▸ **Supplied data**
★ ★ ★ ★ ★ ★ ★

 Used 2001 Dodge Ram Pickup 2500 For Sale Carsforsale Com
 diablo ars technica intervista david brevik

★ ★ ★ ★ ★ ★ ★

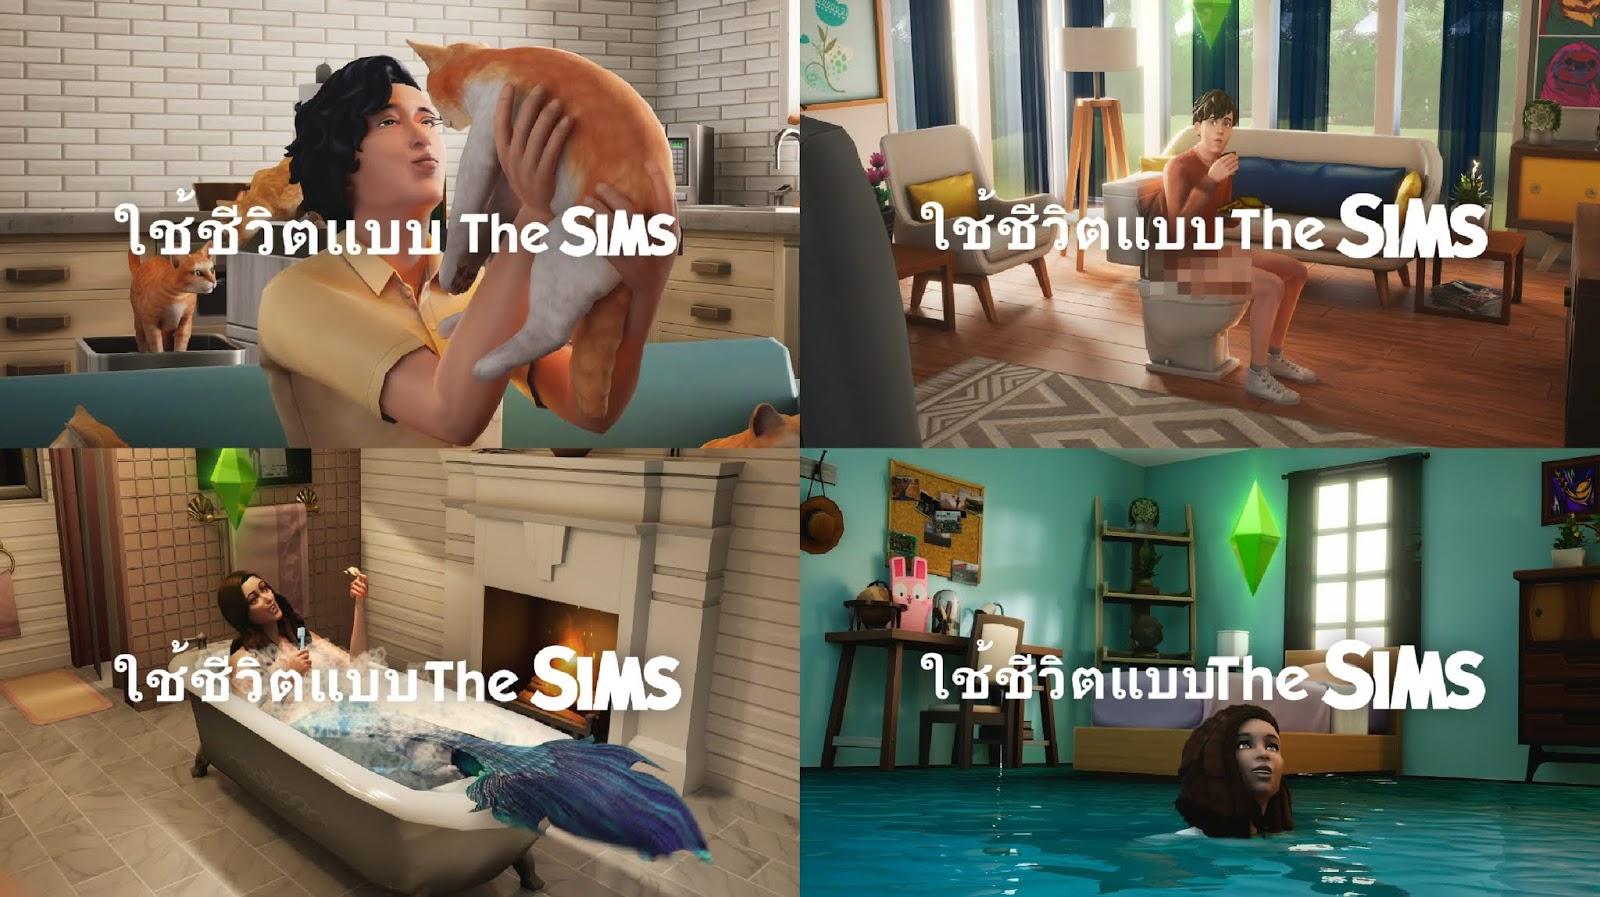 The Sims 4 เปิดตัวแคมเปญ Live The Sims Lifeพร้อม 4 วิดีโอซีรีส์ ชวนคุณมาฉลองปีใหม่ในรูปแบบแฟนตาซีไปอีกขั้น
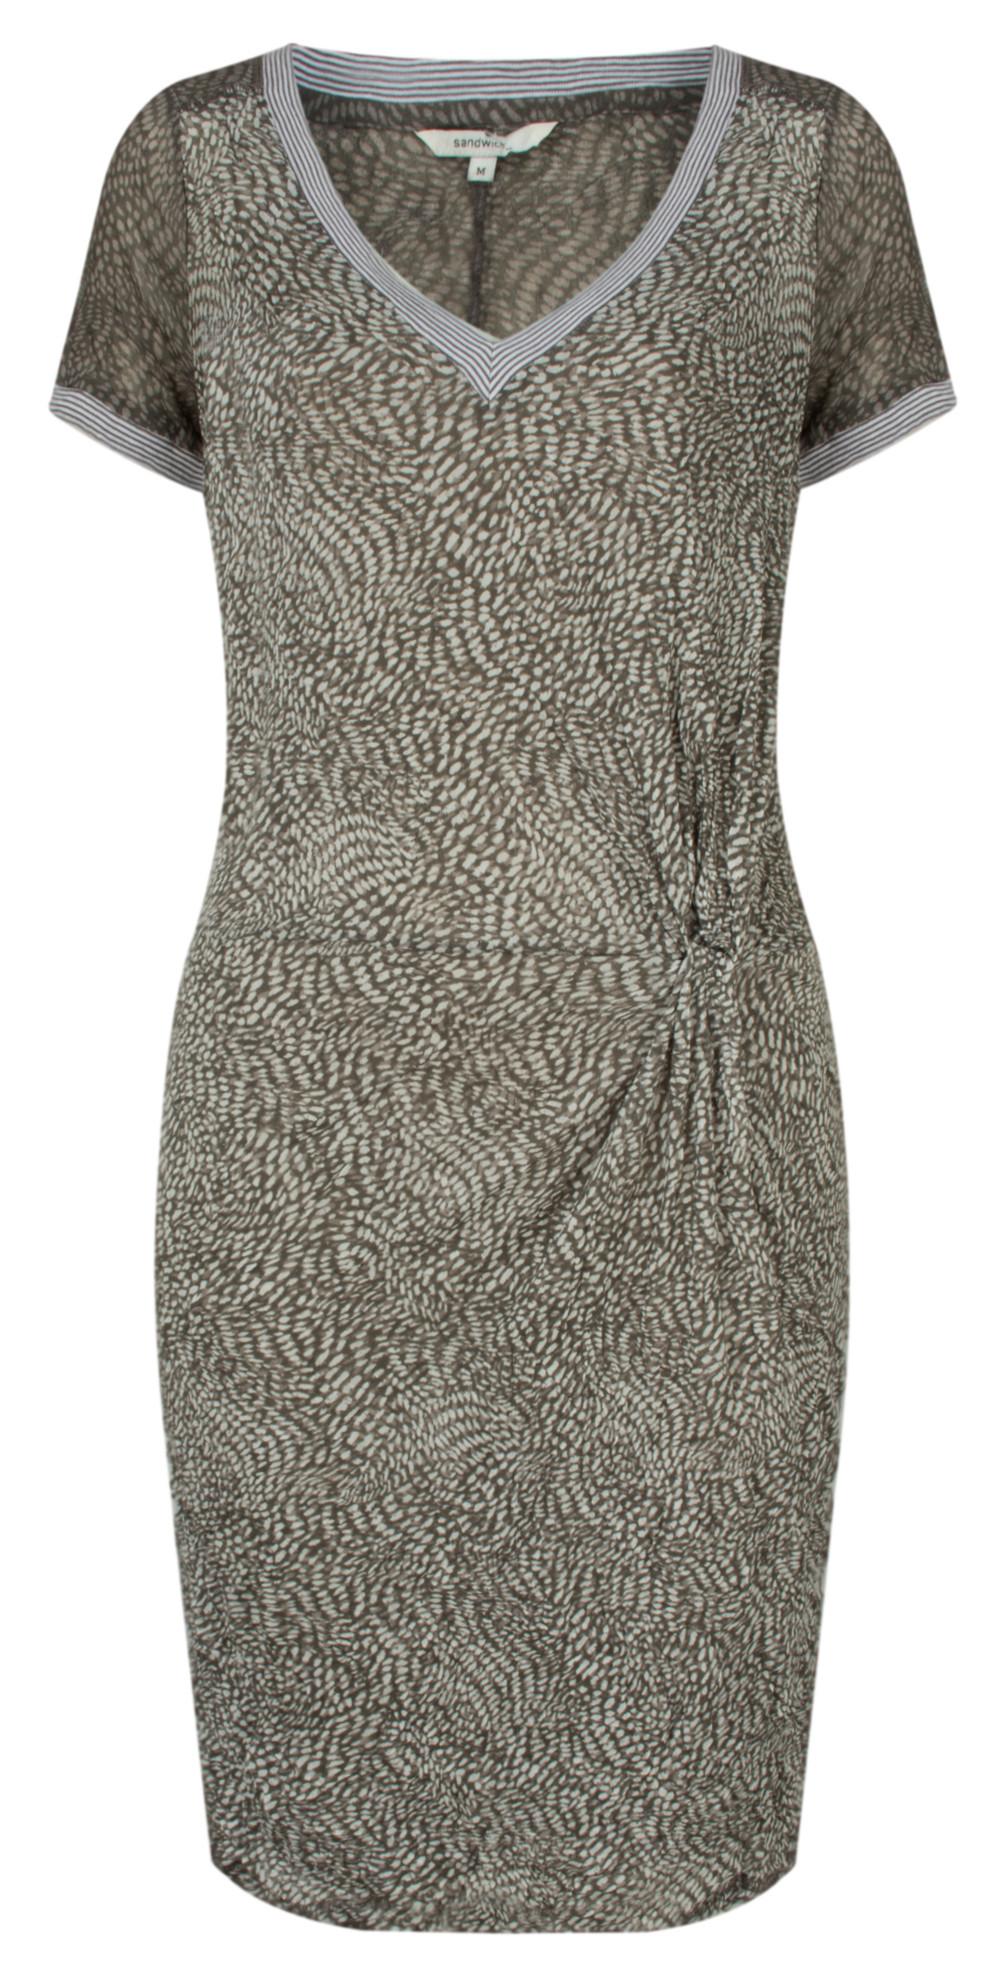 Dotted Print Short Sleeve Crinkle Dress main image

★ ★ ★ ★ ★ ★ ★

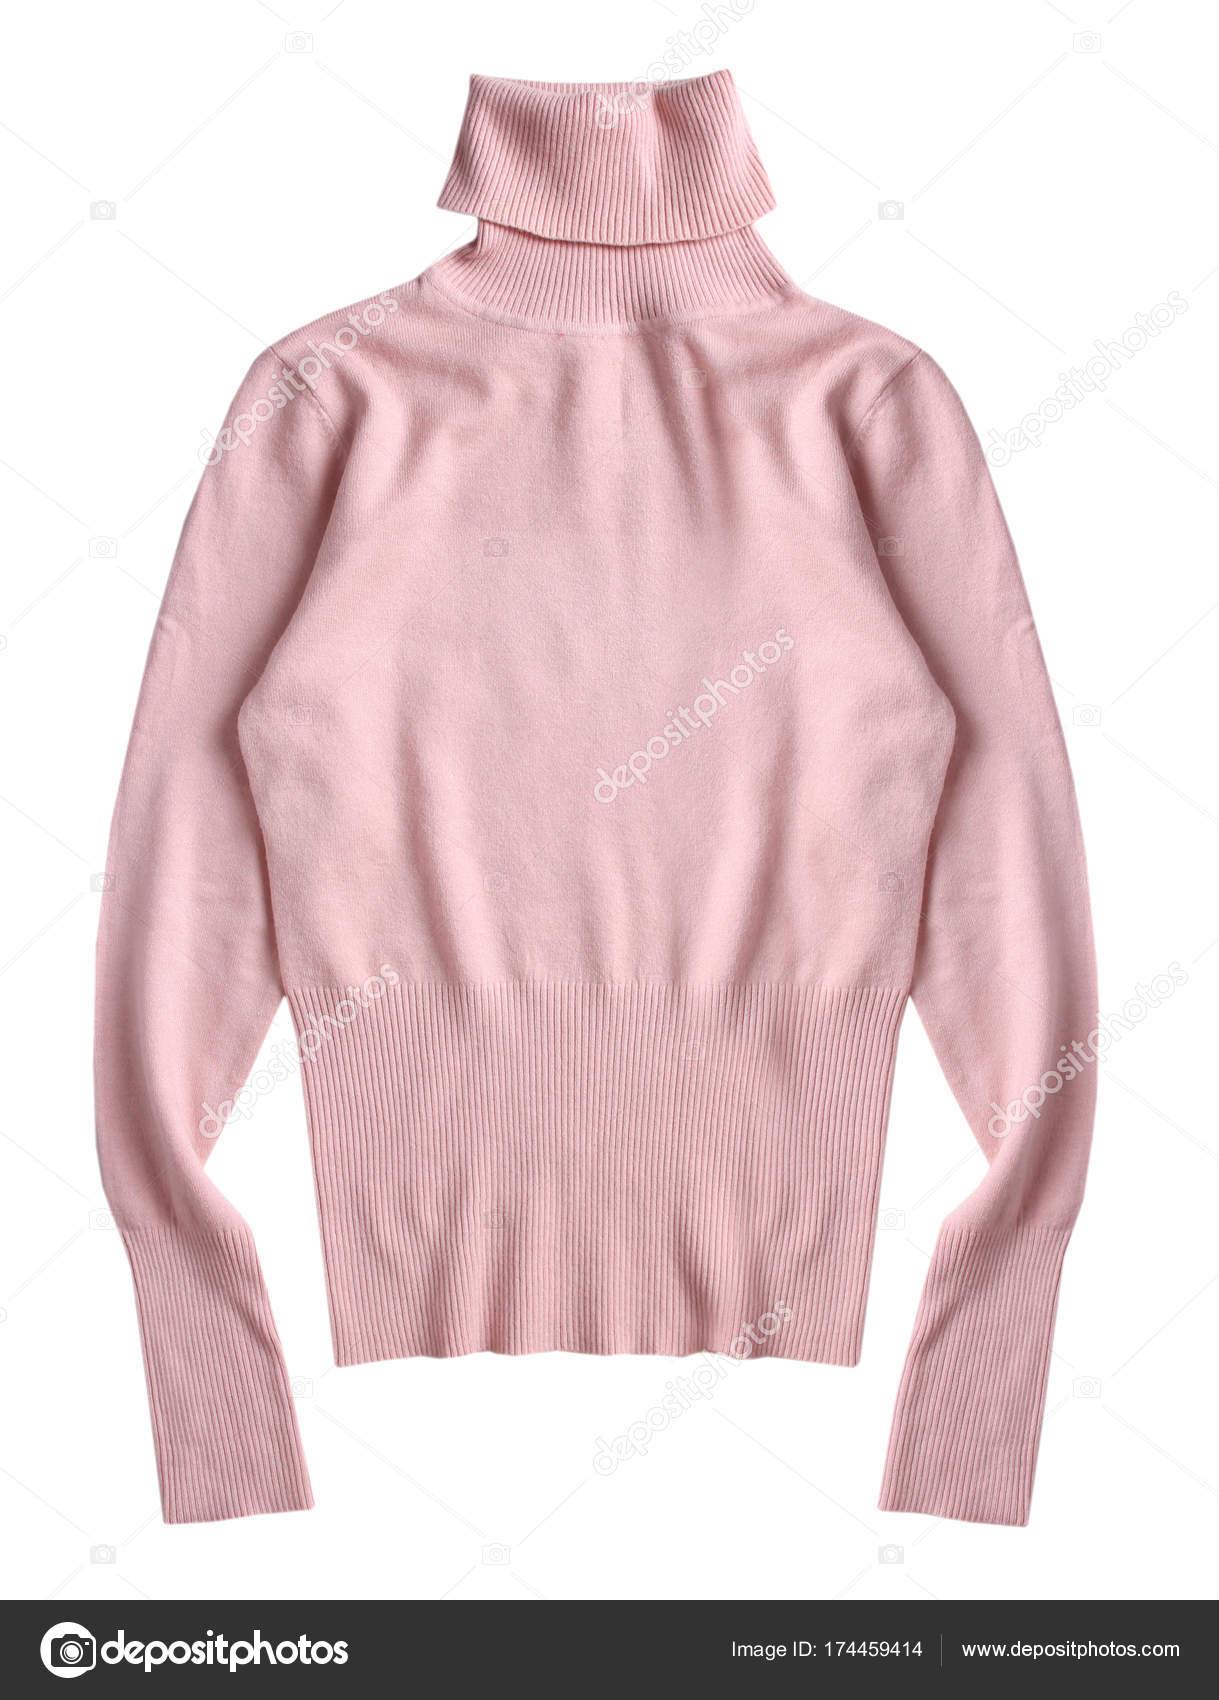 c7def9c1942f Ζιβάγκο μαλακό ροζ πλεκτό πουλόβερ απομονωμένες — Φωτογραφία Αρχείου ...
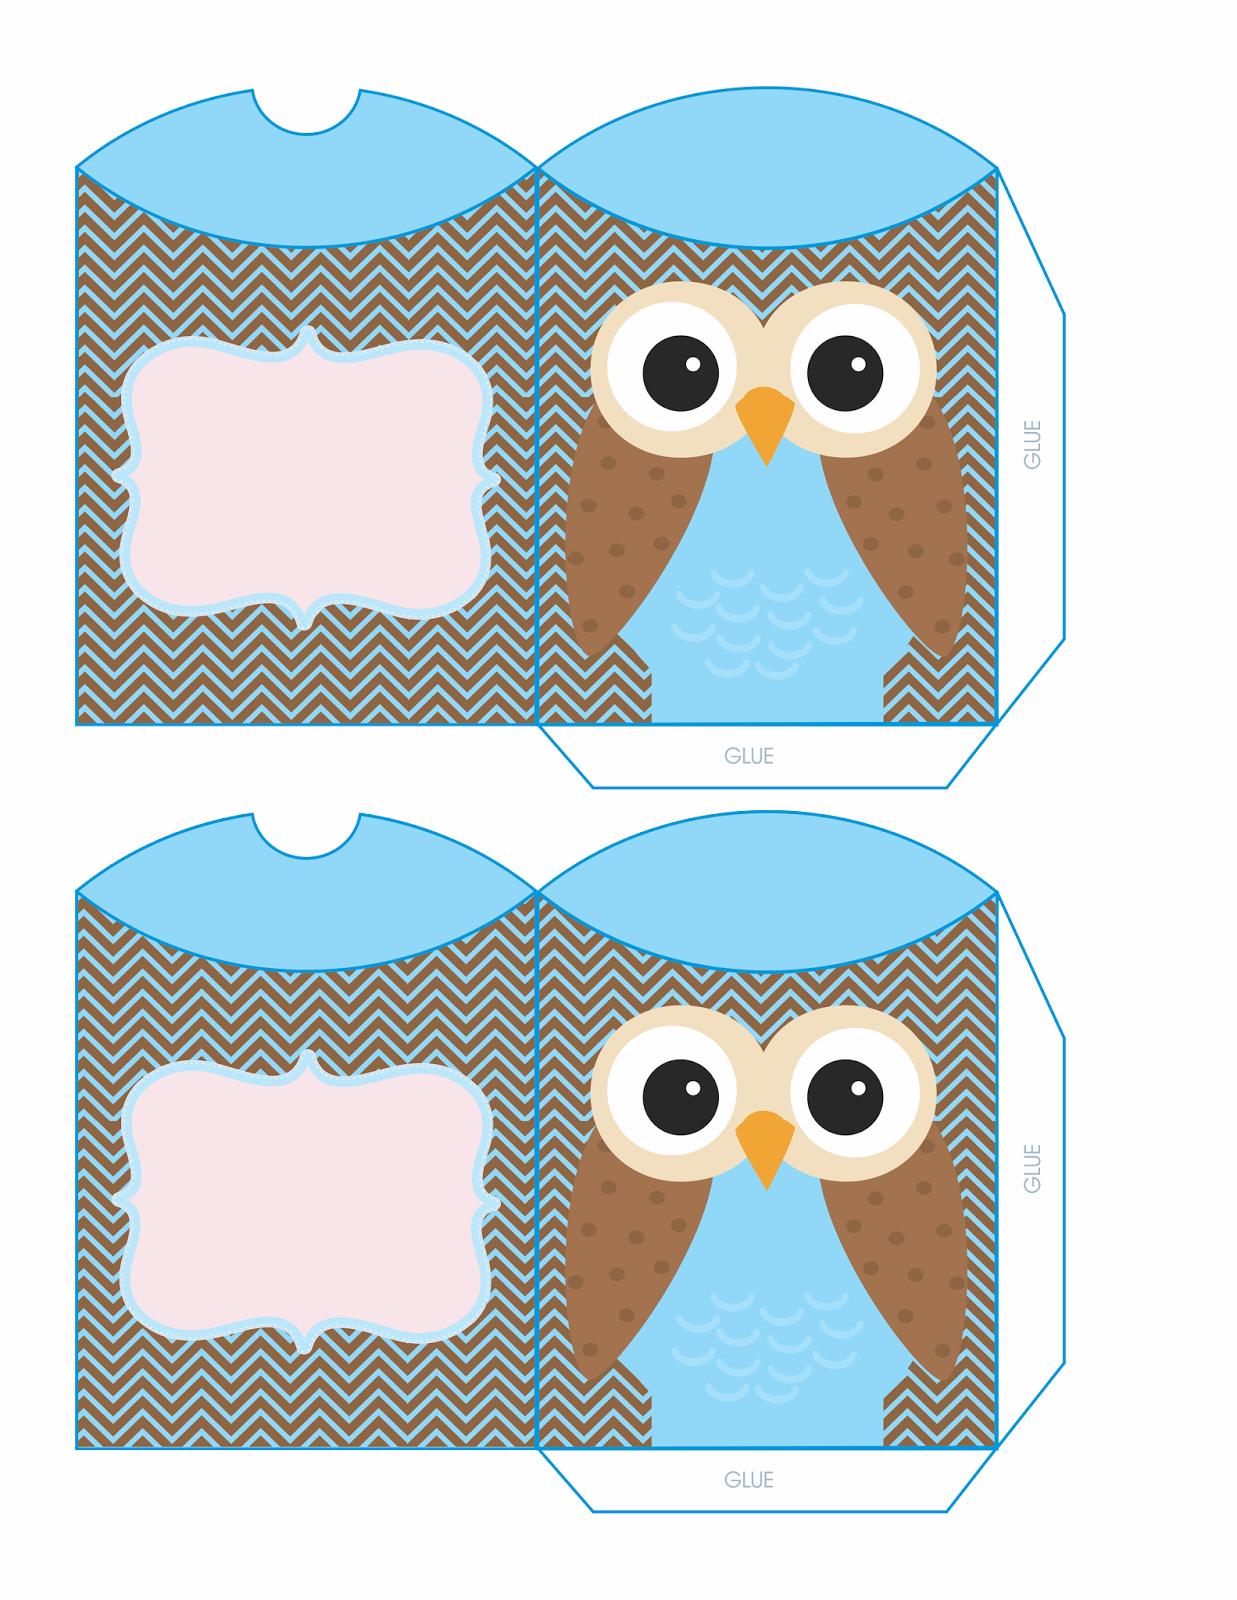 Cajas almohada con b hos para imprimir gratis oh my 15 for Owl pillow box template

★ ★ ★ ★ ★ ★ ★

Extract the part of the records that opens with the line containing "The Sims 4 เปิดตัวแคมเปญ" and closes with the line containing "Dotted Print Short". Take only those lines, exactly, and no pictures.

▸ **Output for this task**
 The Sims 4 เปิดตัวแคมเปญ Live The Sims Lifeพร้อม 4 วิดีโอซีรีส์ ชวนคุณมาฉลองปีใหม่ในรูปแบบแฟนตาซีไปอีกขั้น
 Dotted Print Short Sleeve Crinkle Dress main image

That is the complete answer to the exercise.